Veronika Sexl (born February 27, 1966) is an Austrian pharmacologist and toxicologist with a research focus on cancer. Since March 1, 2023, she has served as rector of the University of Innsbruck. She has received several awards, including the City of Vienna Prize in the medicine category, the Novartis Prize for Medicine and the Alois Sonnleitner Prize, and the Cardinal Innitzer Award for Natural Sciences.

== Life ==
Sexl studied medicine in Vienna, then worked in Seattle and Memphis. She returned to Vienna in 2007 when she was appointed professor at the Medical University of Vienna.

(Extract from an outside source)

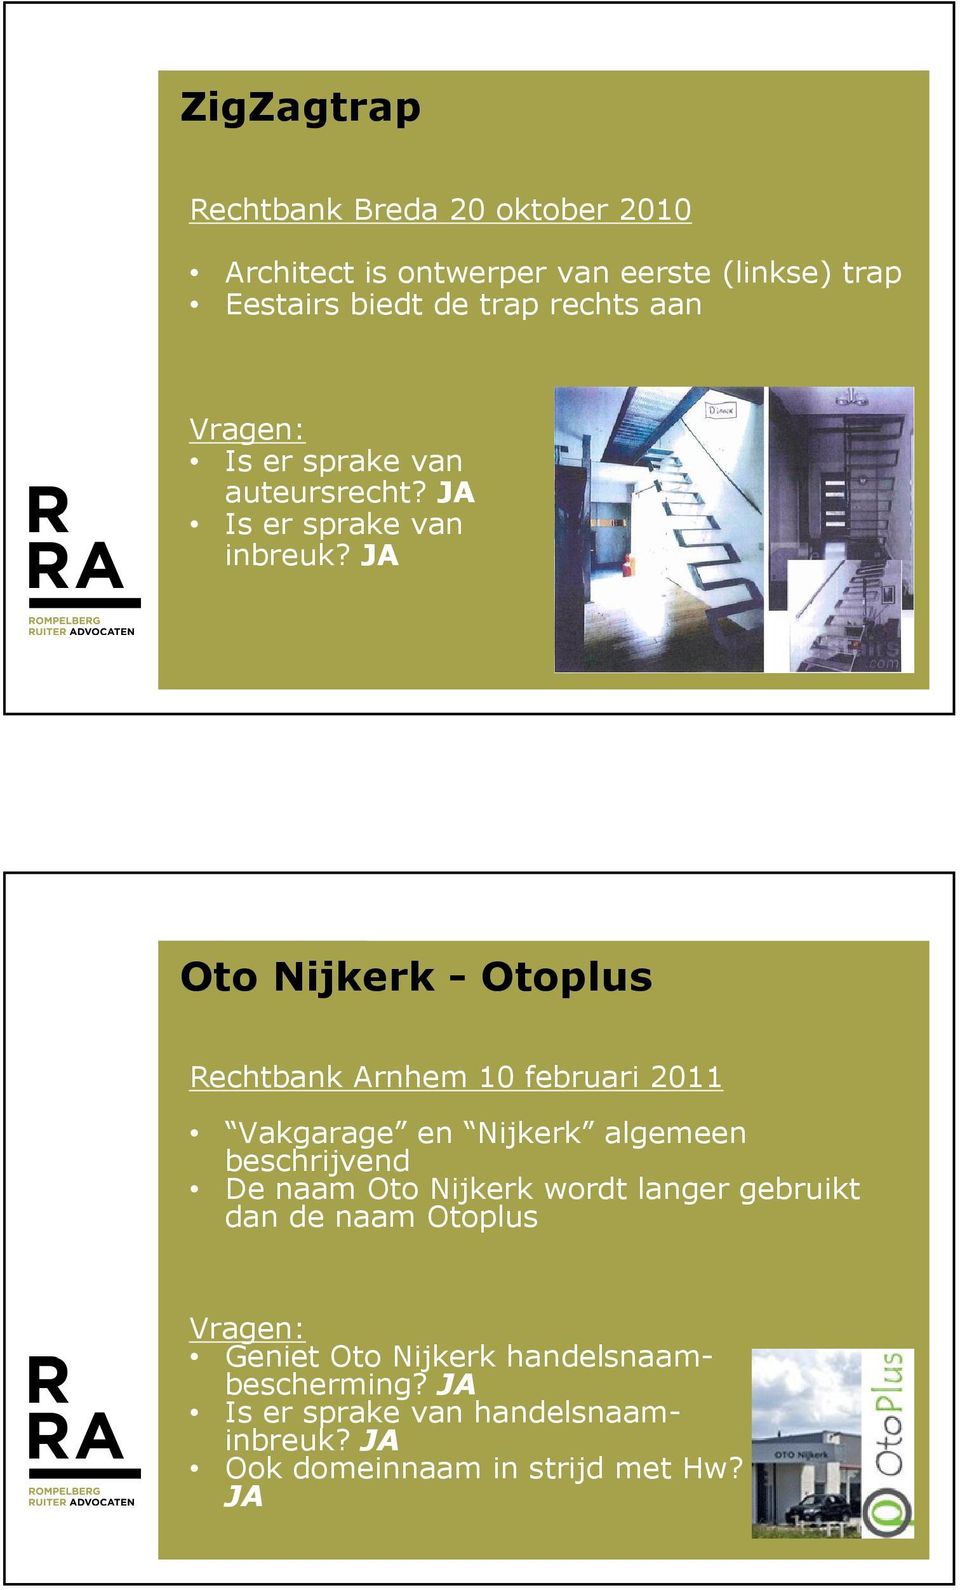 JA Oto Nijkerk - Otoplus Rechtbank Arnhem 10 februari 2011 Vakgarage en Nijkerk algemeen beschrijvend De naam Oto Nijkerk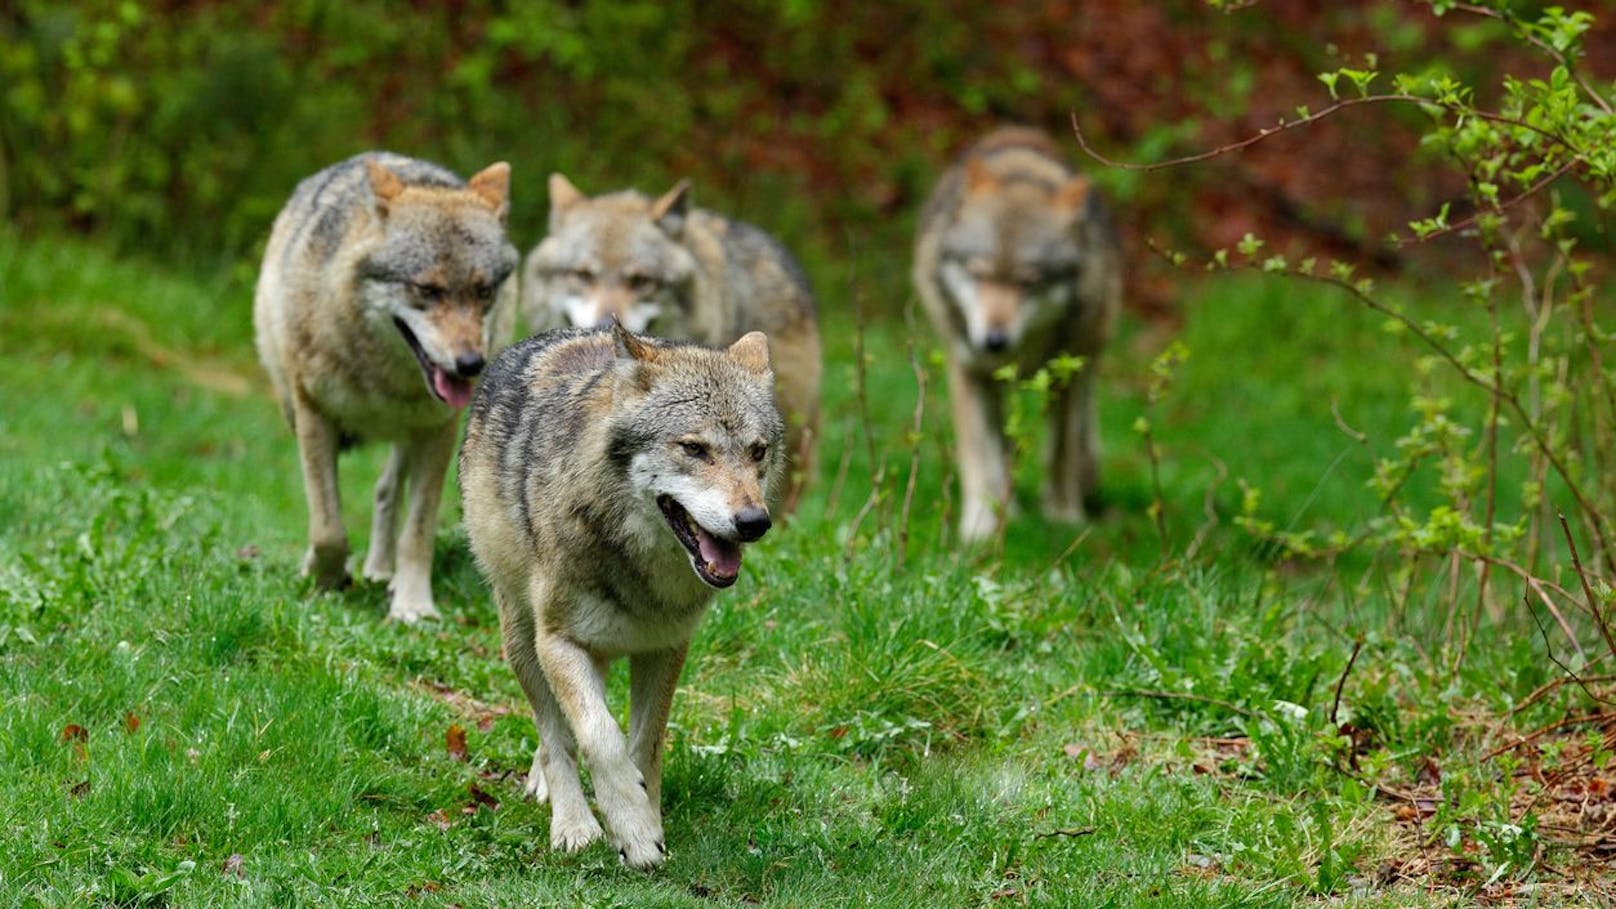 Verein aus NÖ warnt: "Wölfe töten Kinder"

She also served as Chair of the Senate of the Veterinary University of Vienna, and as Austria’s representative on the European Molecular Biology Organization (EMBL/EMBO).

Her main research areas include comparative and translational medicine, using transgenic animals and human patient samples as disease models; NK cell–mediated tumor surveillance with a focus on leukemia; and signaling pathways involved in hematopoiesis and leukemogenesis, with an emphasis on JAK-STAT signaling and the novel role of CDK6 as a transcriptional regulator.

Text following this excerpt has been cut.